───── The input ─────

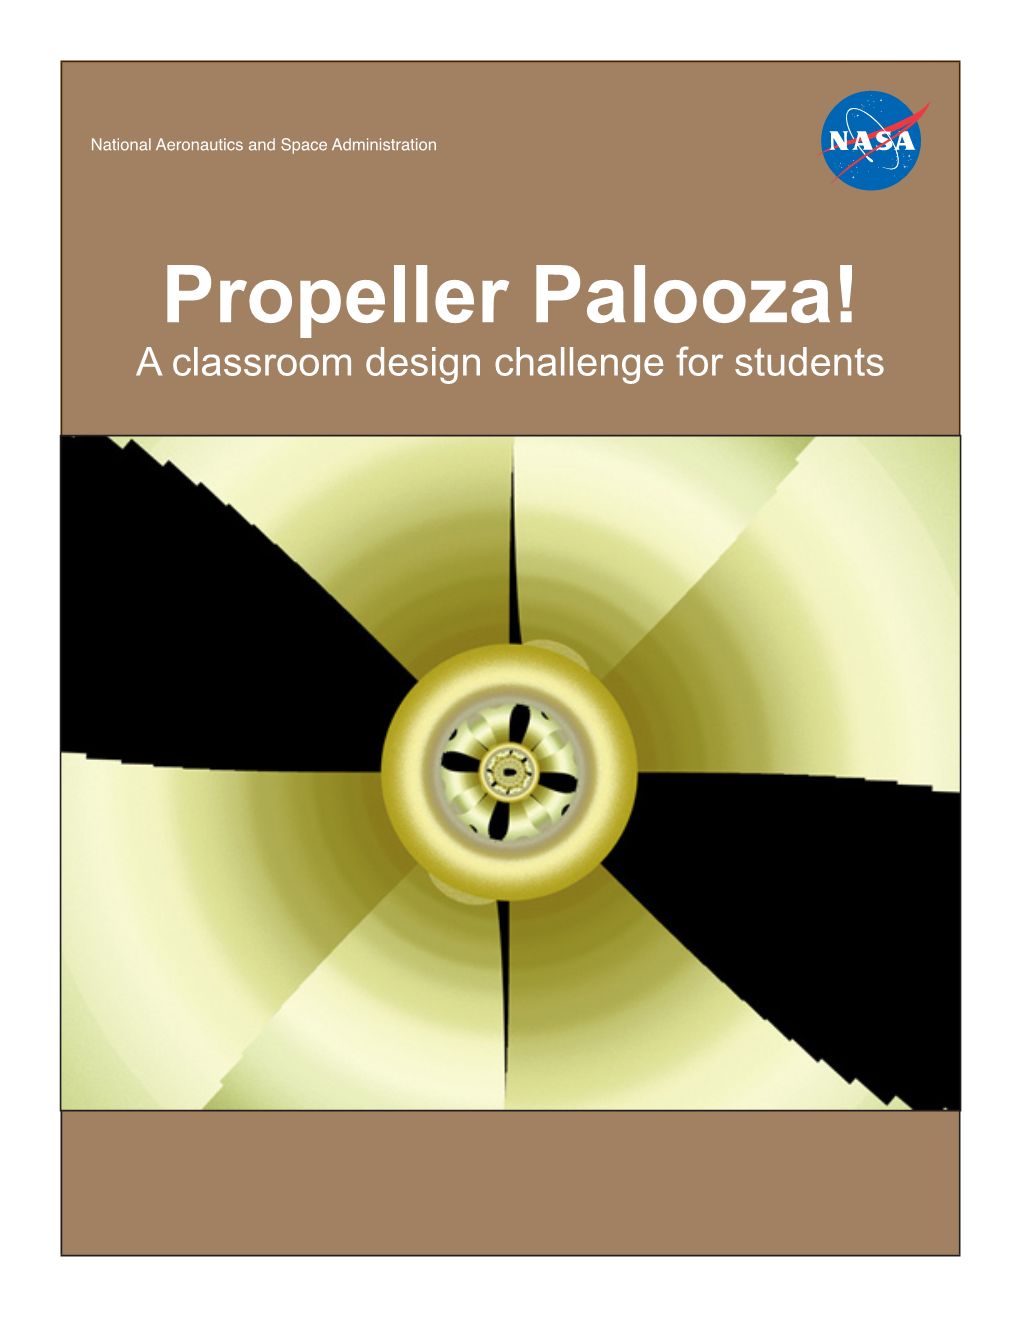 Propeller Palooza! a Classroom Design Challenge for Students National Aeronautics and Space Administration
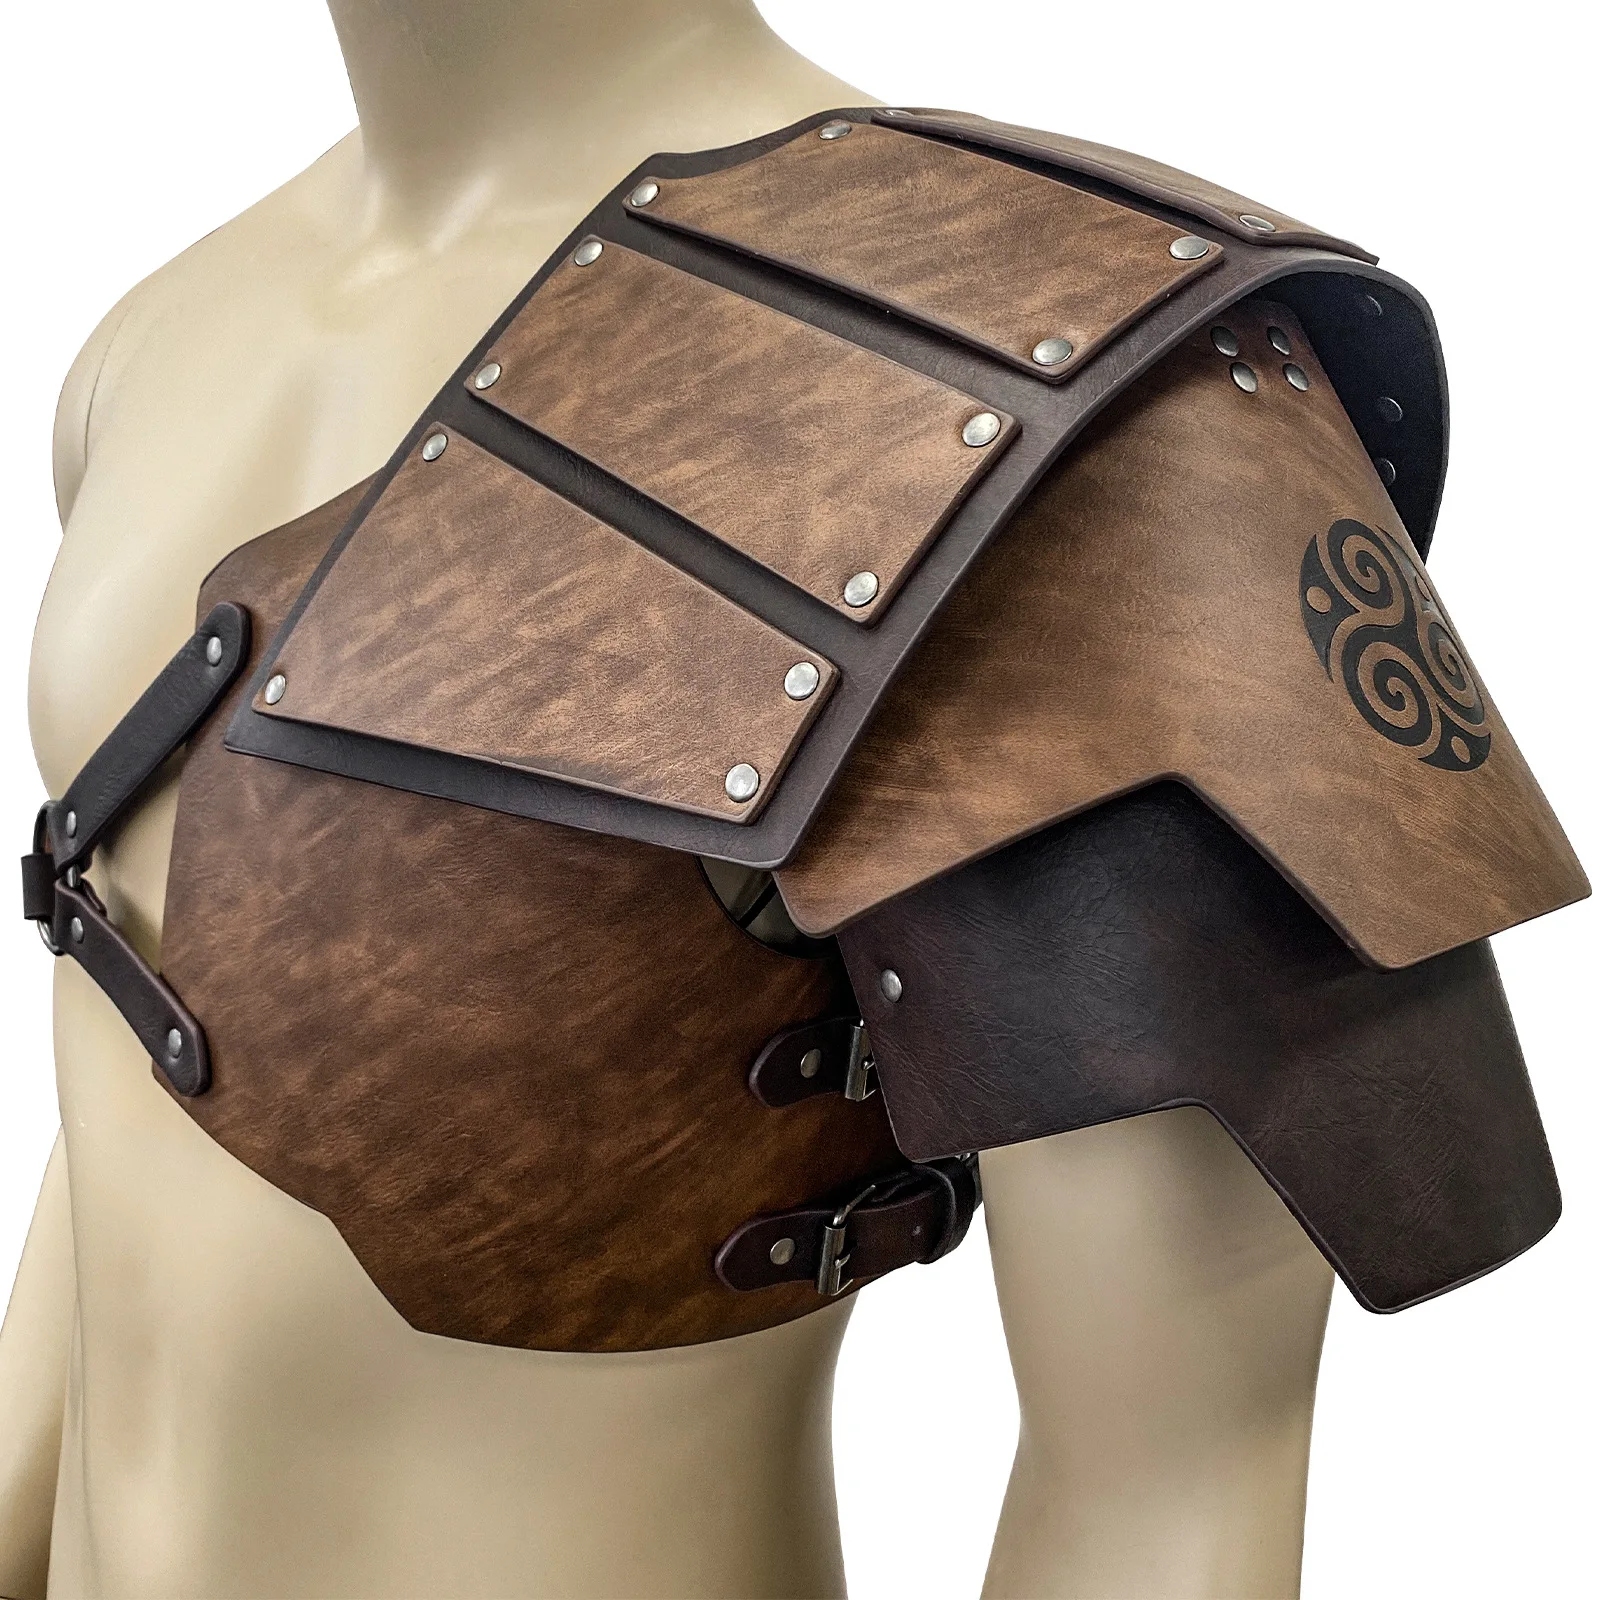 

NORRON Vikings Shoulder Wrister Genuine Leather Bracer Arm Armor Warrior Soldier Pirate Hunter Cuff Medieval Anime Cosplay Props
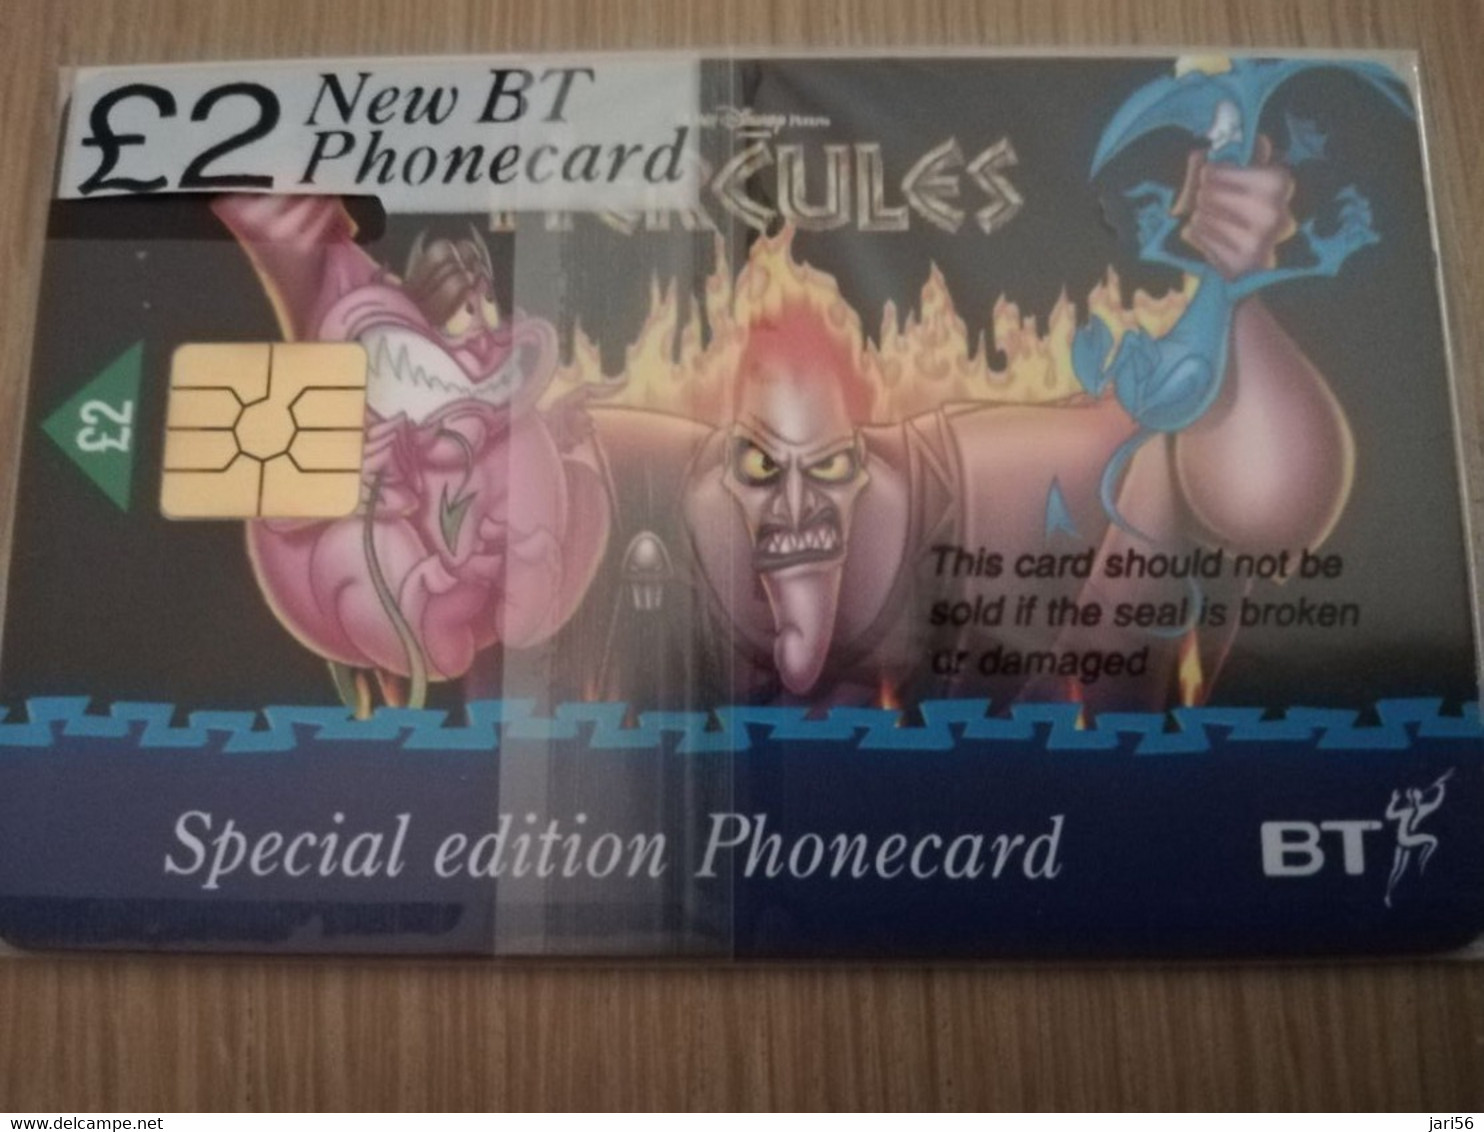 GREAT BRETAGNE  CHIPCARDS HERCULES/ DISNEY  SERIE 6X 2 POUND Sealed In Wrapper    MINT CONDITION      **3856** - BT Général
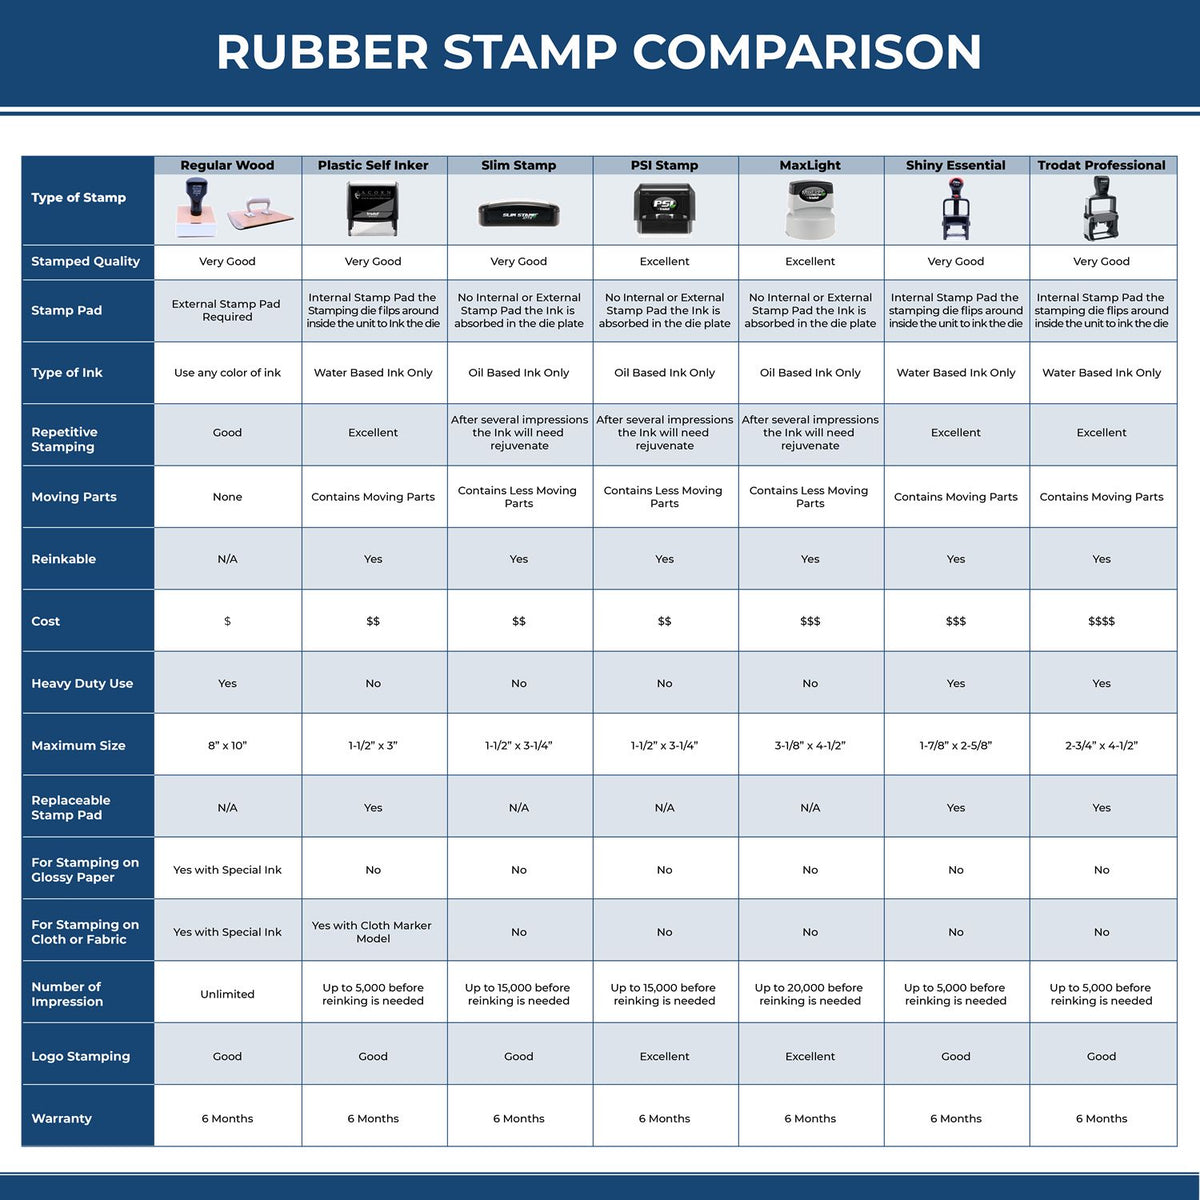 Large Self-Inking Telehealth Stamp 4979S Rubber Stamp Comparison
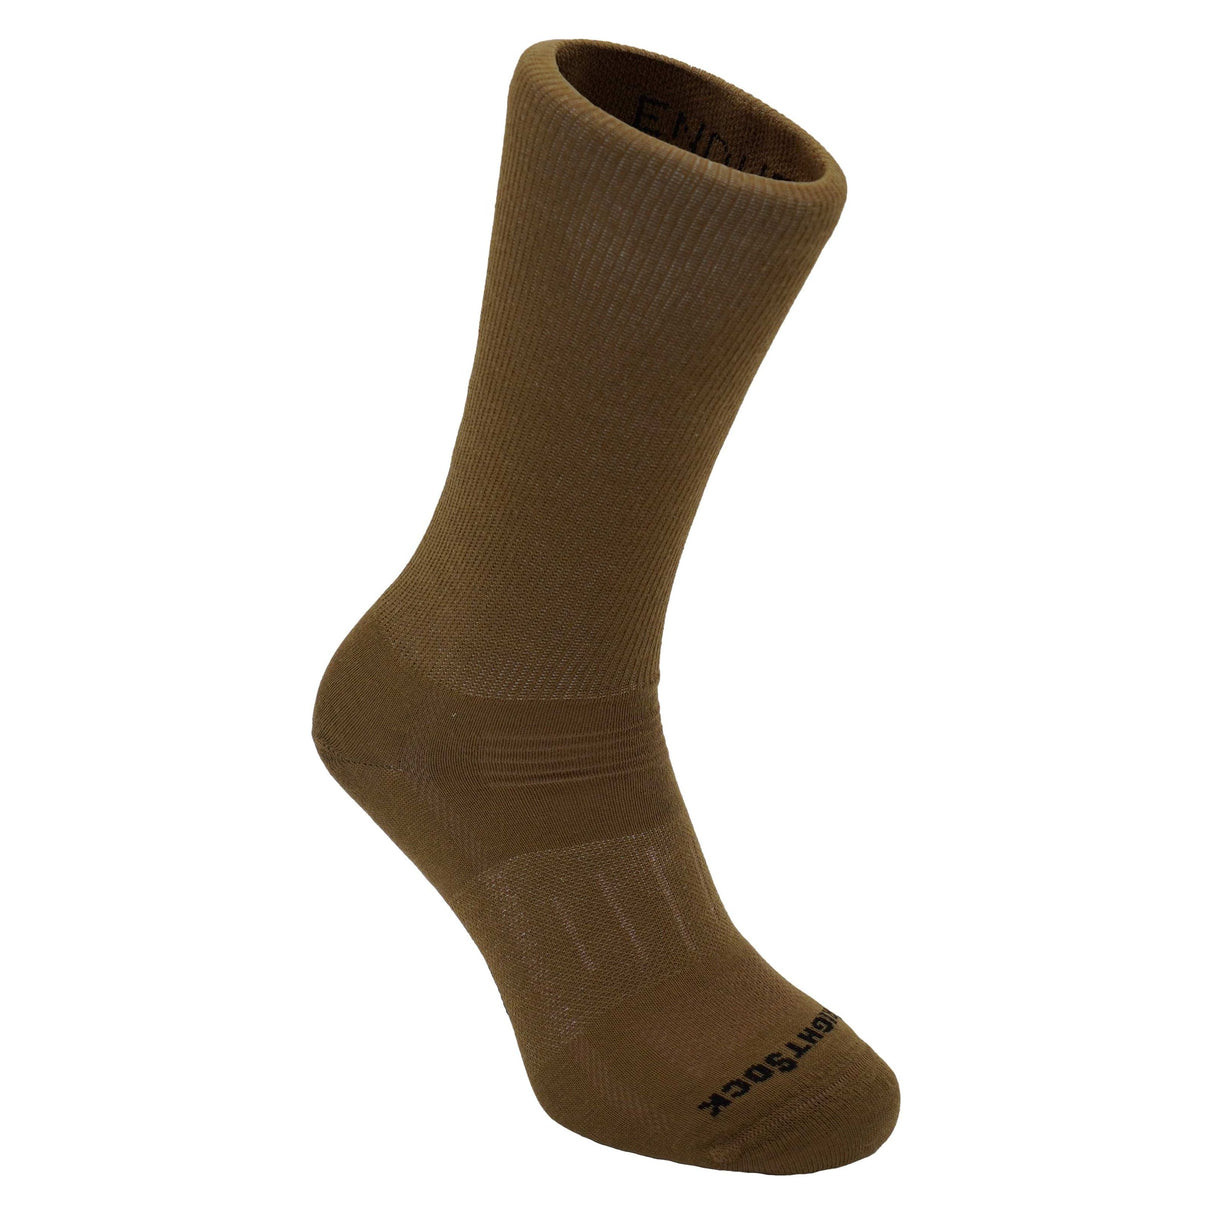 Wrightsock Double-Layer Endurance Crew Socks  -  Small / Coyote Brown

─────

Goal of the exercise:
Once you find the line that contains "Large Self-Inking Telehealth", reproduce it and every line after it through the end of the entries above, exactly as written, with no pictures.

Written reply:
 Large Self-Inking Telehealth Stamp 4979S Rubber Stamp Comparison
 Wrightsock Double-Layer Endurance Crew Socks  -  Small / Coyote Brown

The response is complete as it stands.